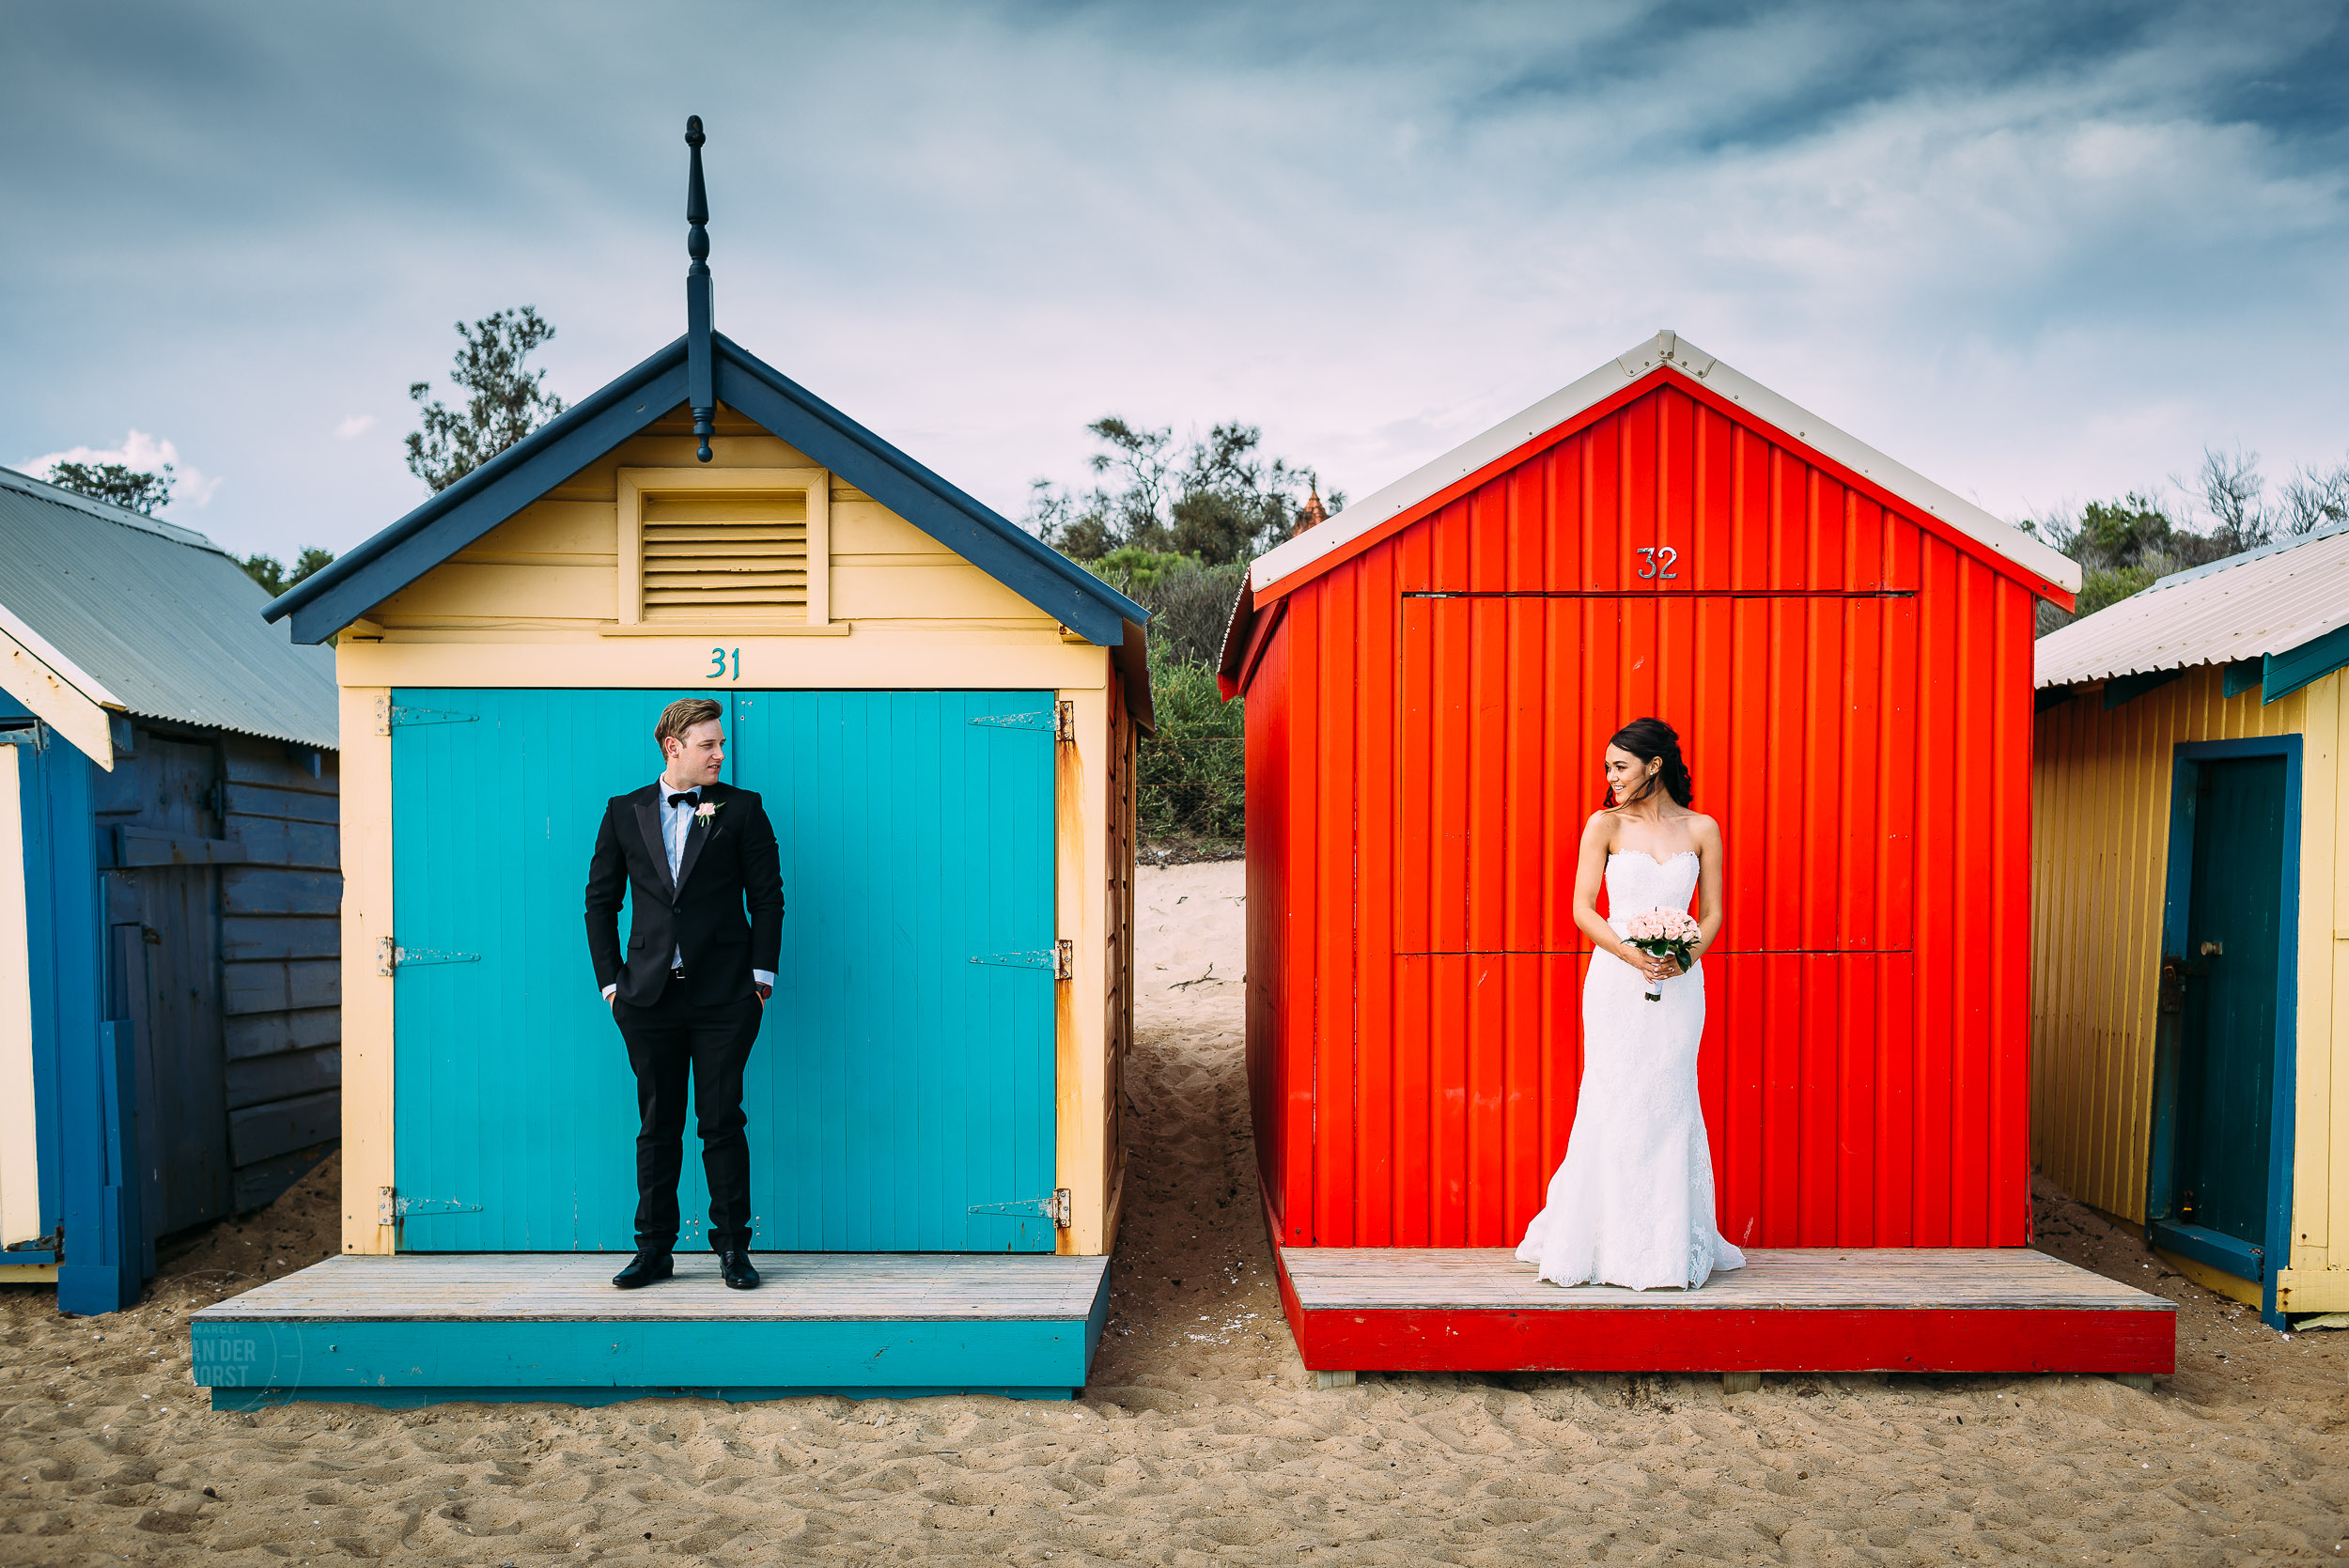 Melbourne-Wedding-Photographer-1075.jpg
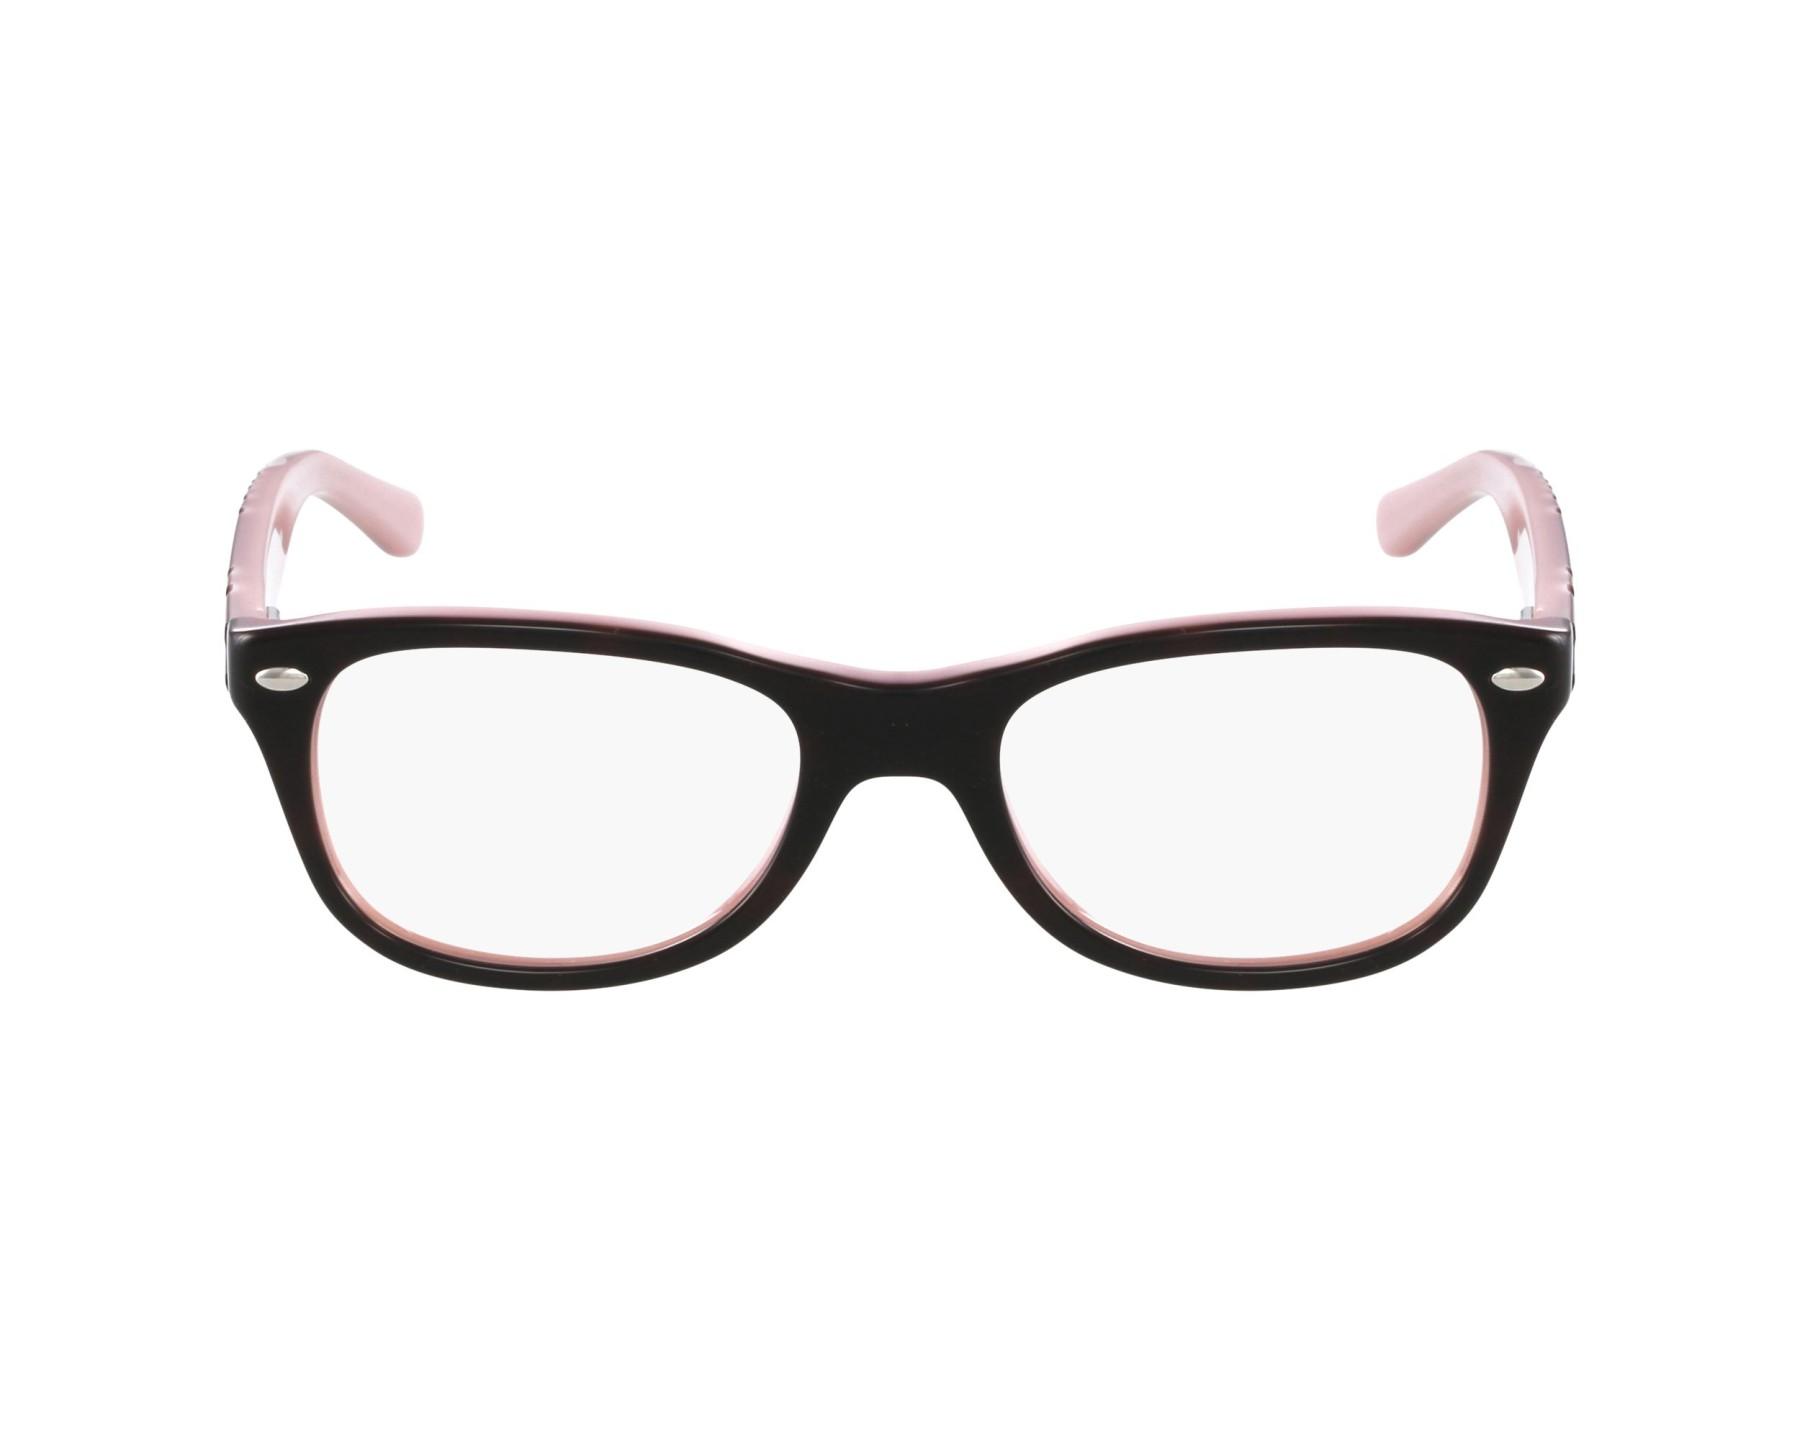 2df56d568a06d9 eyeglasses Ray-Ban RY-1544 3580 48-18 Black Purple profile view
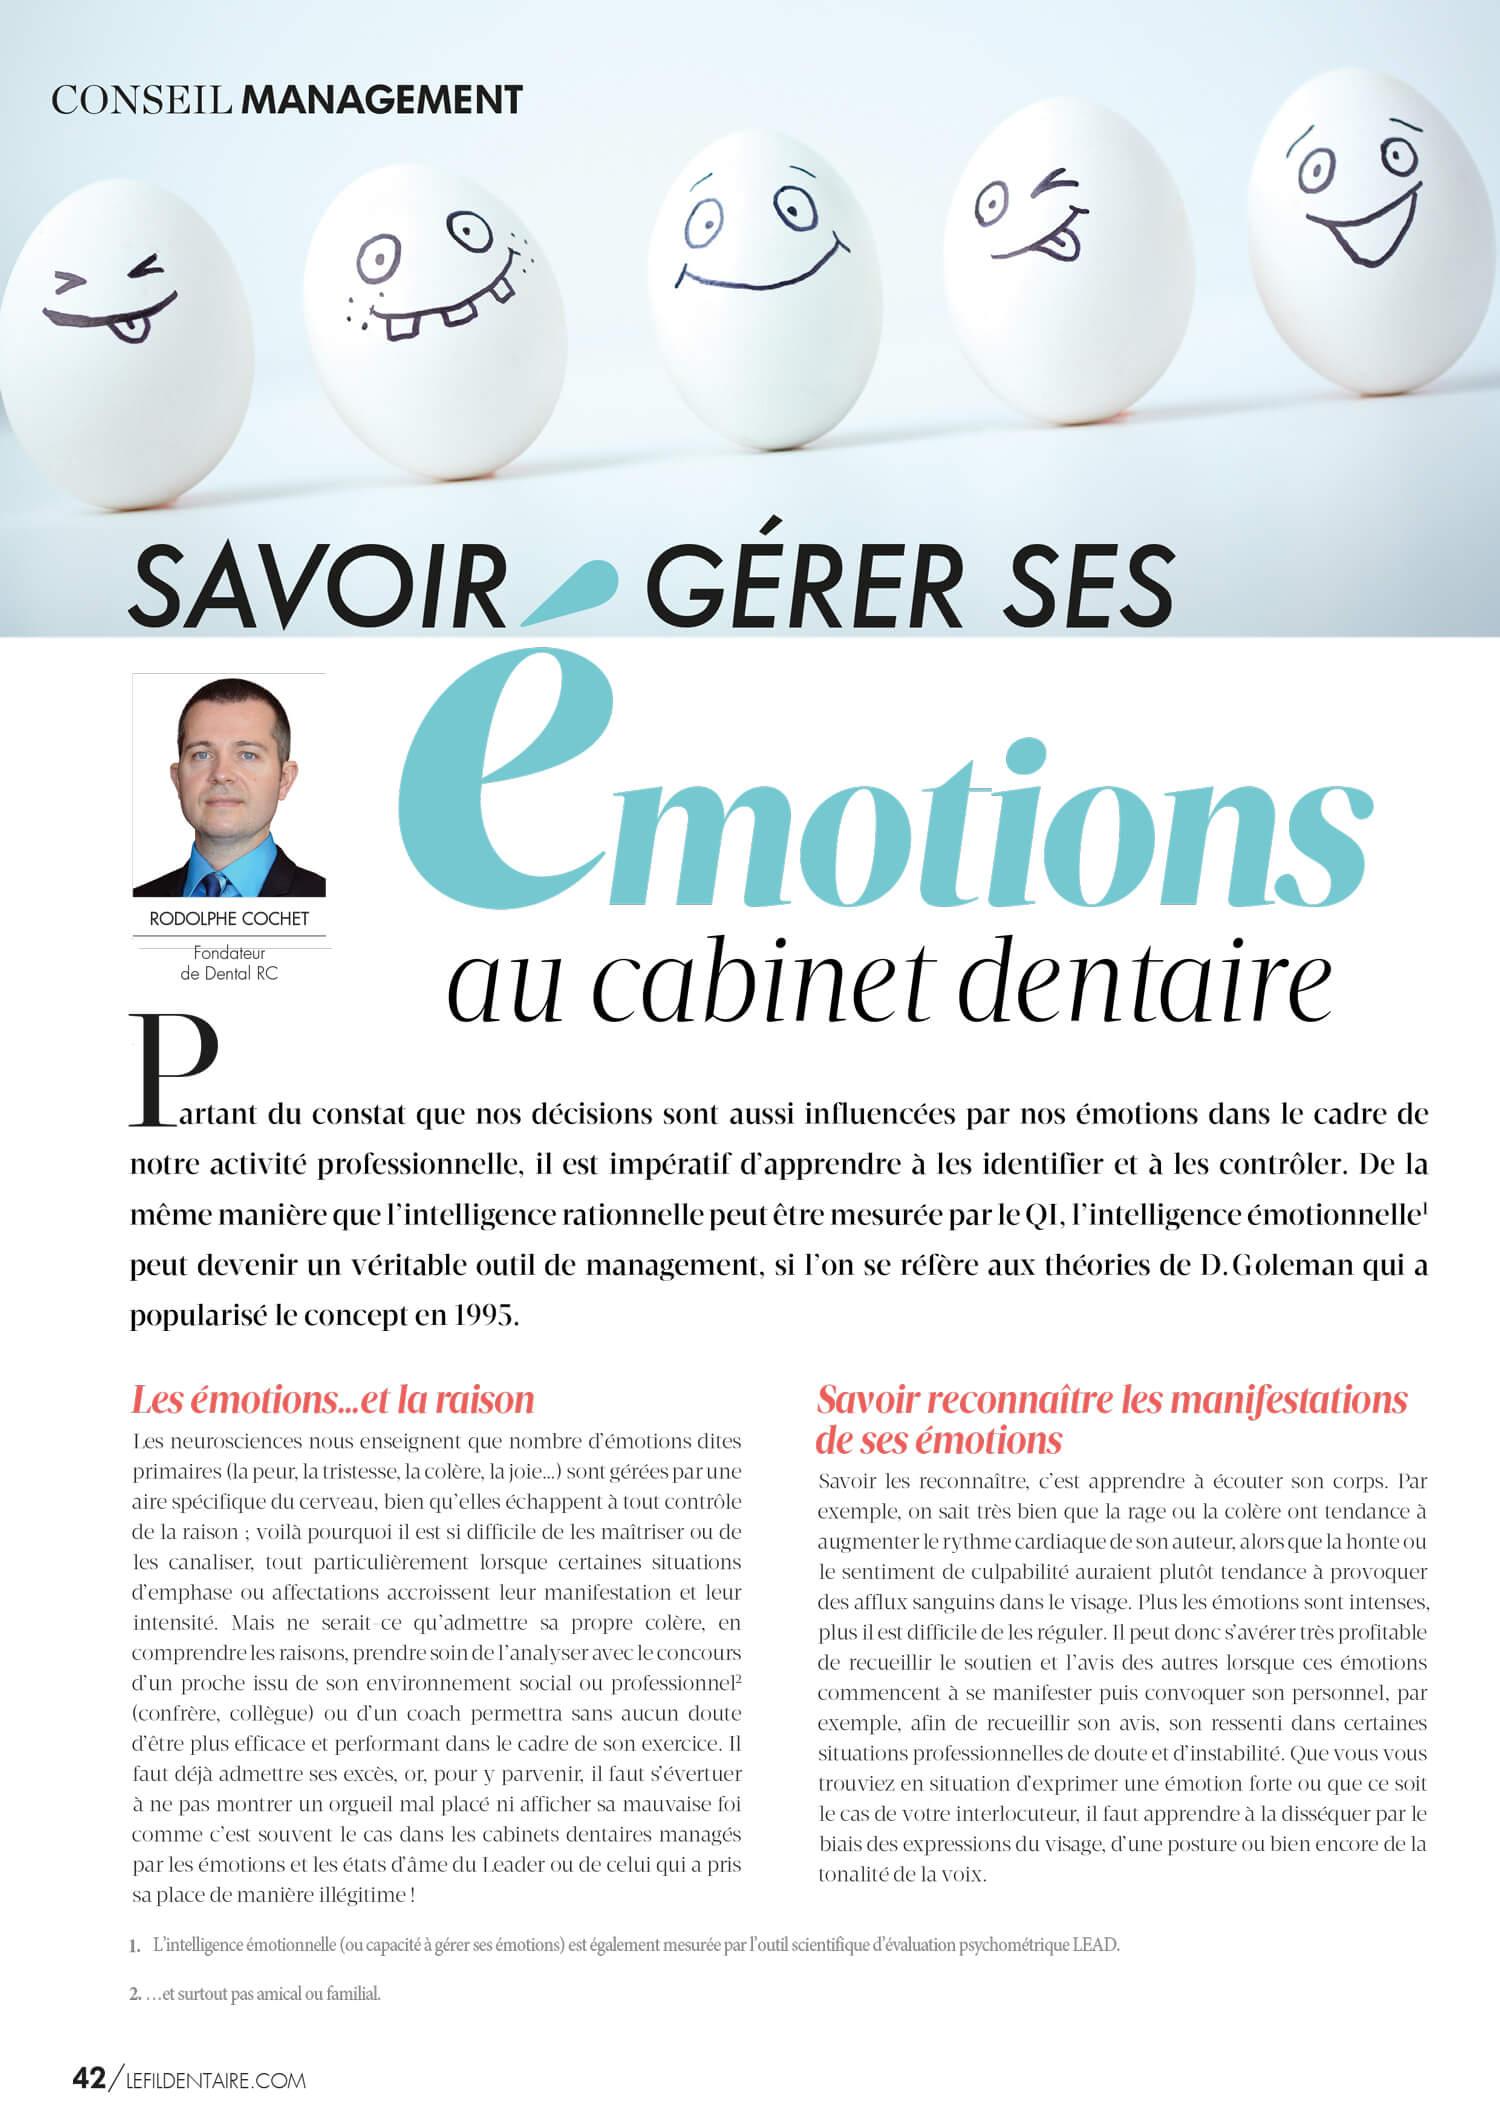 Savoir_gerer_ses_emotions_au_cabinet_dentaire_-_Rodolphe_Cochet.jpg

## Exercise directions
Each line of the listing above belongs in the answer exactly as written; the pictures do not.

## Response below
 Melbourne-Wedding-Photographer-1075.jpg
 2df56d568a06d9 eyeglasses Ray-Ban RY-1544 3580 48-18 Black Purple profile view
 Savoir_gerer_ses_emotions_au_cabinet_dentaire_-_Rodolphe_Cochet.jpg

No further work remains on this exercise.